For more information regarding this seminar, please email Professor John Armitage at J.Armitage@soton.ac.uk .

Event details

This paper examines the Life in a Day and Britain in a Day documentary projects. Life in a Day was compiled from video footage recorded by members of the public on 24th July 2010 and submitted to YouTube. The final 95-minute documentary was edited together from 80,000 submissions to create a ‘paean to what it means to be human in the world today.’ Likewise, the 2012 documentary that followed in its footsteps, Britain in a Day, invited footage captured in Britain on 12th November 2012, and offered ‘remarkable insight into the lives, loves, fears and hopes of people living in Britain today.’ Operating across different national and global scales, these projects share common ground in facilitating amateur filmmaking and developing a ‘crowd’ approach to representing everyday life. This paper critically examines how the amateur filmmaking contributions to the … in a Day crowdsourcing projects were framed by the guidance and tutorial materials provided by the projects’ production teams.
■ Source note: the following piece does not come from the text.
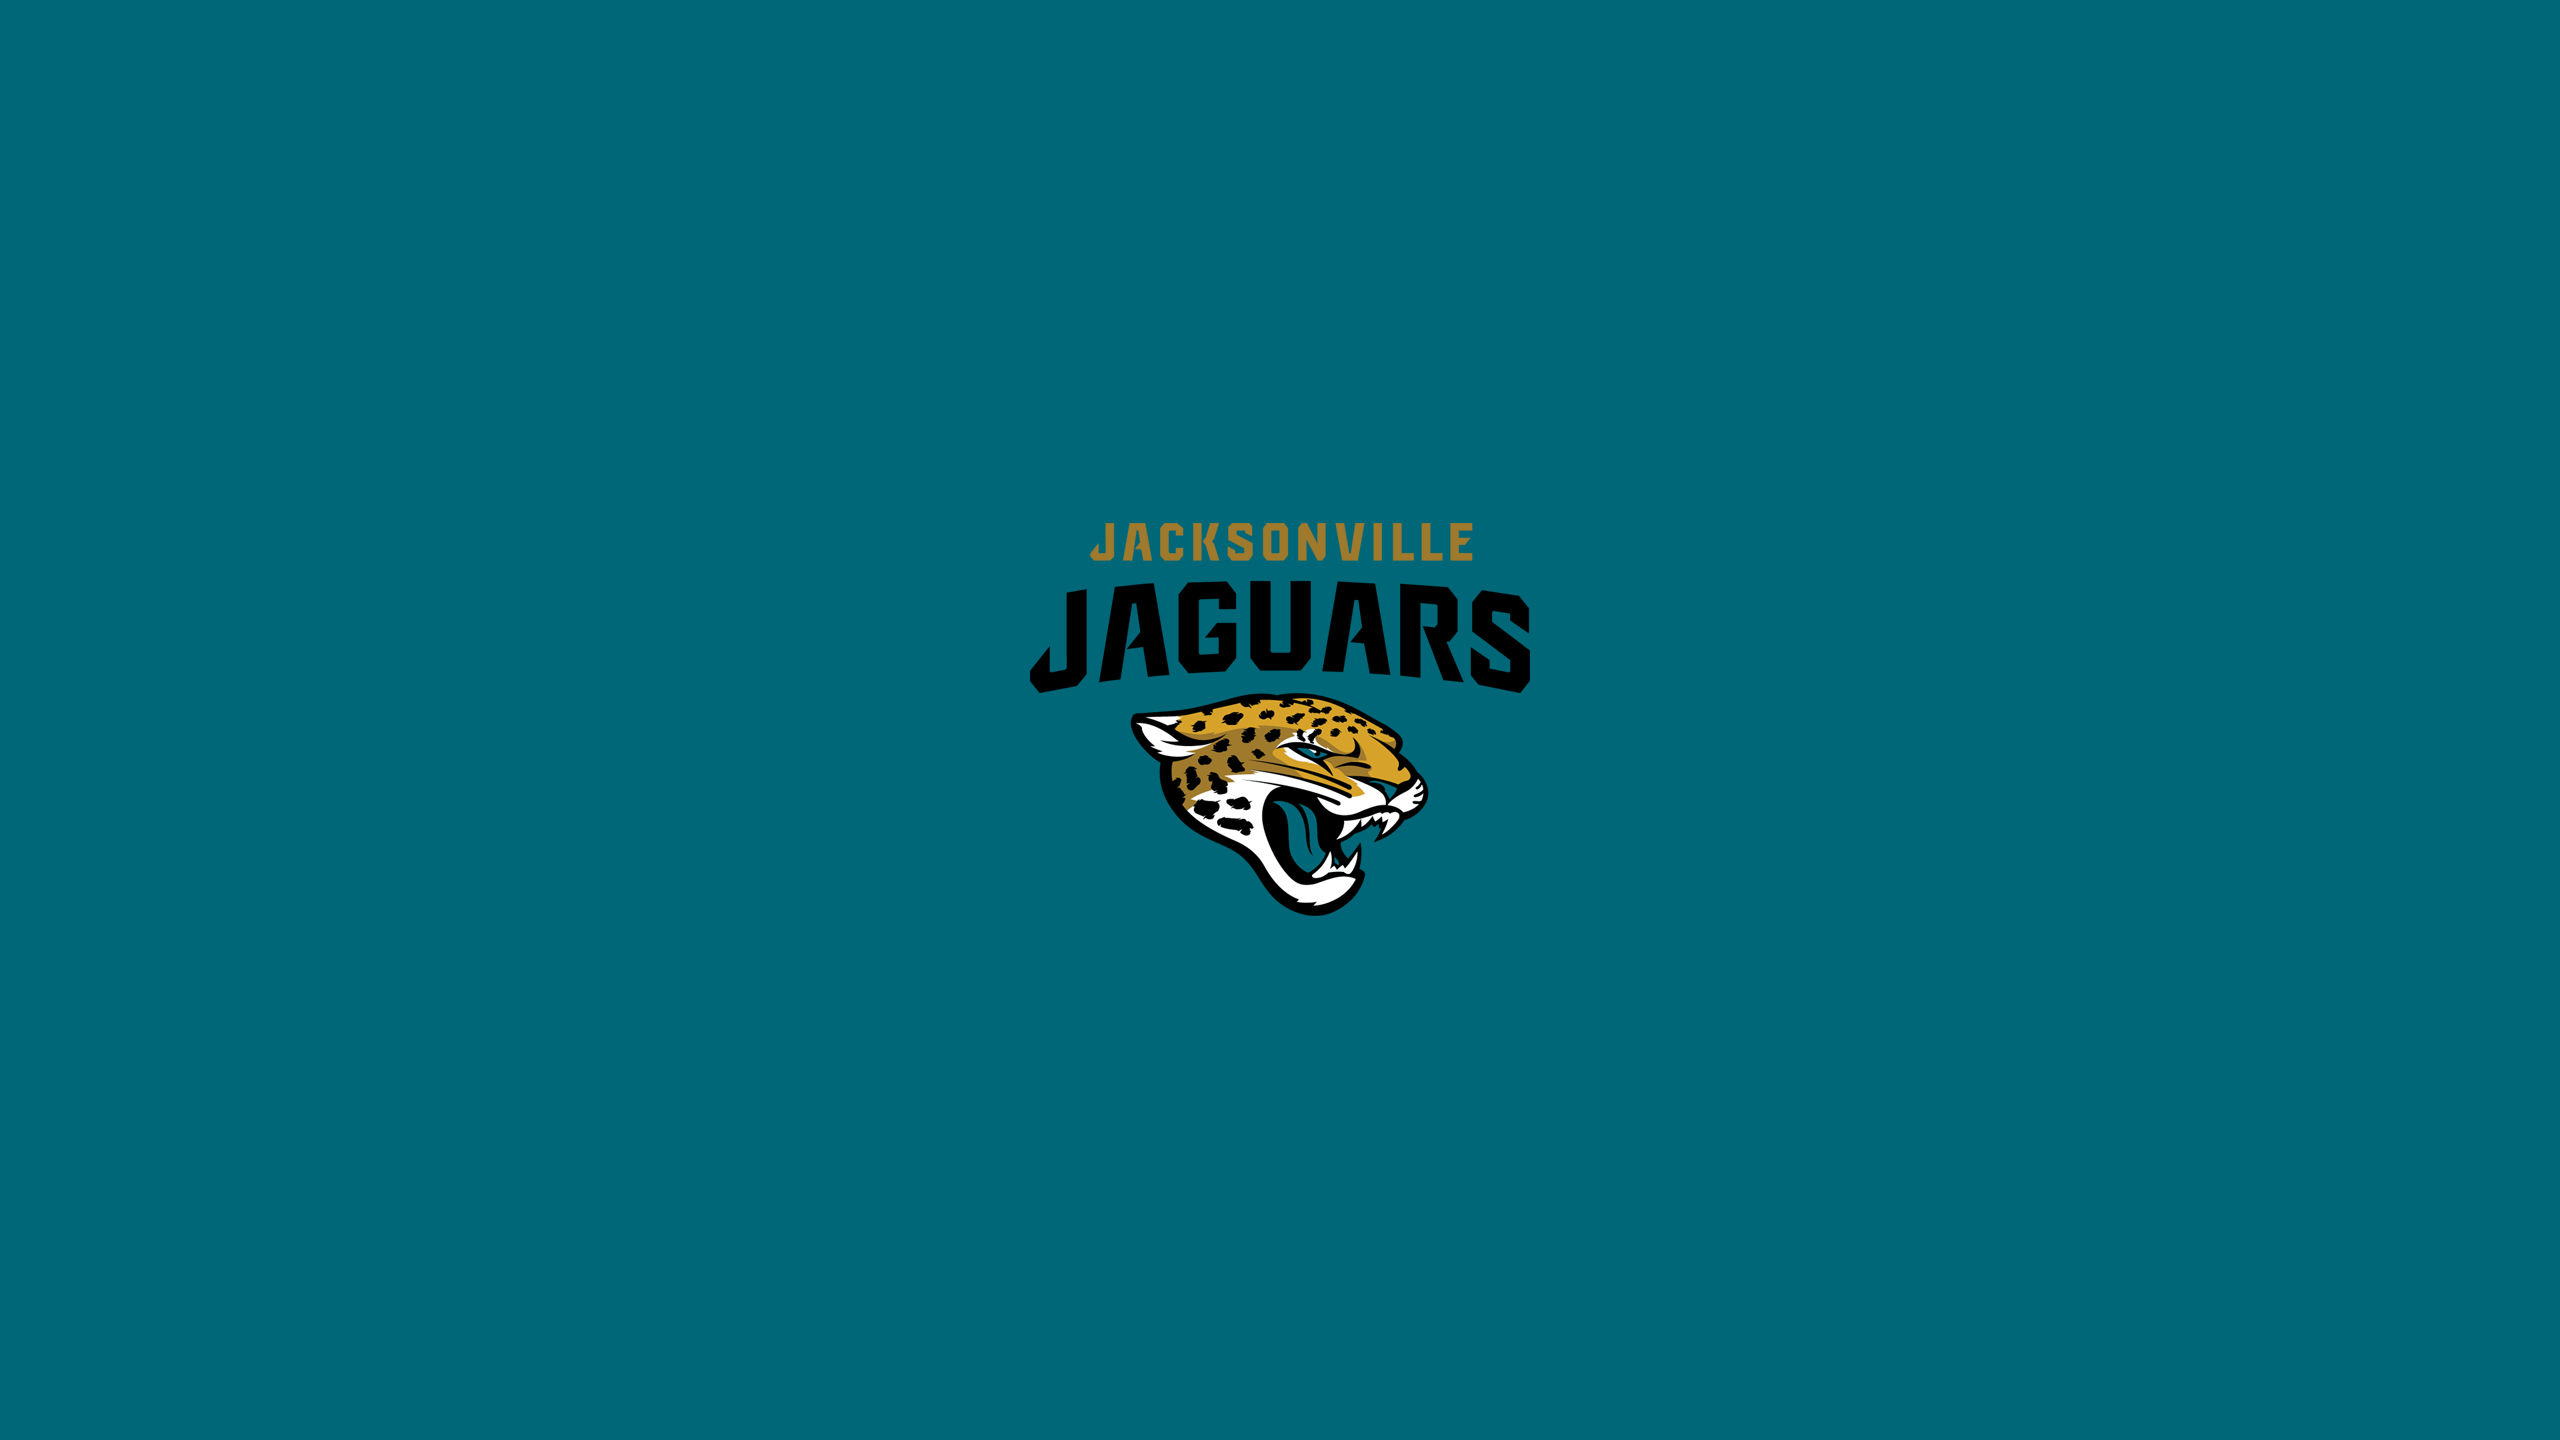 Jacksonville Jaguars Wallpaper Image Group 35 2560x1440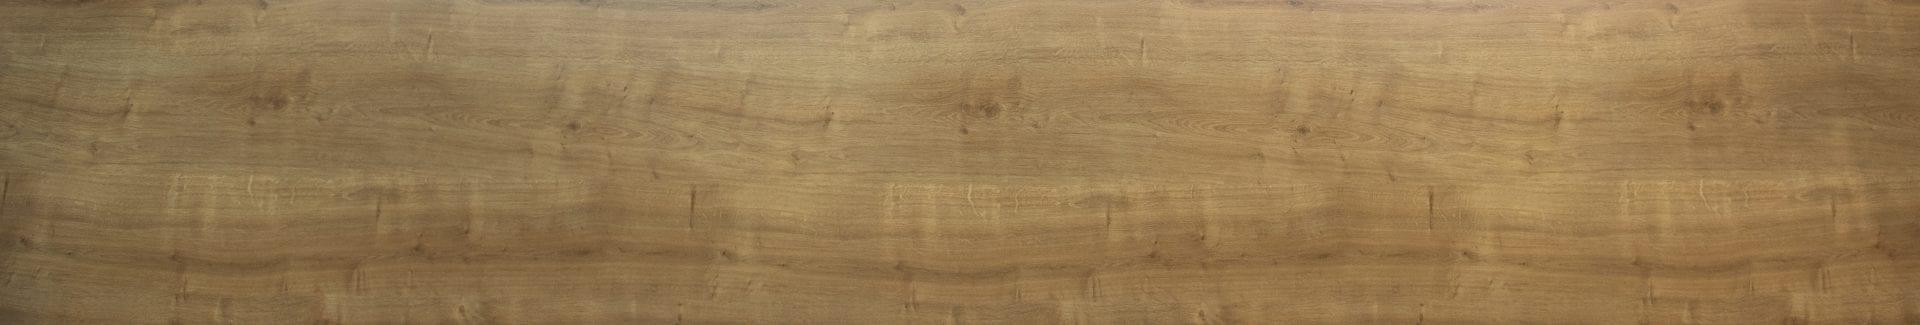 Highland Oak Full Length Laminate Worktop by Topform

With the Britain in a Day ‘how-to’ guidance films there is a ‘Quality Discourse’ (Muller, 2009) in which professional interventions are made into the practices of amateur filmmaking. A ‘Quality Discourse’ is also evident in the Life in Day project with the guidance films presented on YouTube. Specifically, the video by editor Joe Walker on the editing process presents a number of submission requirements around ‘making your film for inclusion in ours.’ The comments presented in response to this video are an important part of understanding how ‘the crowd’ can evaluate the participatory promises and practices of the … in a Day projects. This paper will explore tensions concerning who is involved and how they are involved, and analyse how potential contributors critically challenge participation that they regarded as the instrumental requesting and curating of content.

Speaker information

Dr Daniel Ashton,Dr Daniel Ashton is Lecturer and MA Pathway Leader in Global Media Management in the Winchester School of Art at the University of Southampton. His research focuses on different ways of organising cultural work, including the intersections between professional and amateur media making. He has worked in partnership with UK community media organisations and university students on digital storytelling and community radio projects. He has presented his research on digital storytelling and participatory media at the British Film Institute, MeCCSA 2014, Coventry University, and the AHRC Amateur Creativity symposium. Related publications include an article in the Media International Australia special issue on ‘making media participatory’, and in the forthcoming edited volume Community Filmmaking: Diversity, Practices and Places (Routledge, 2017).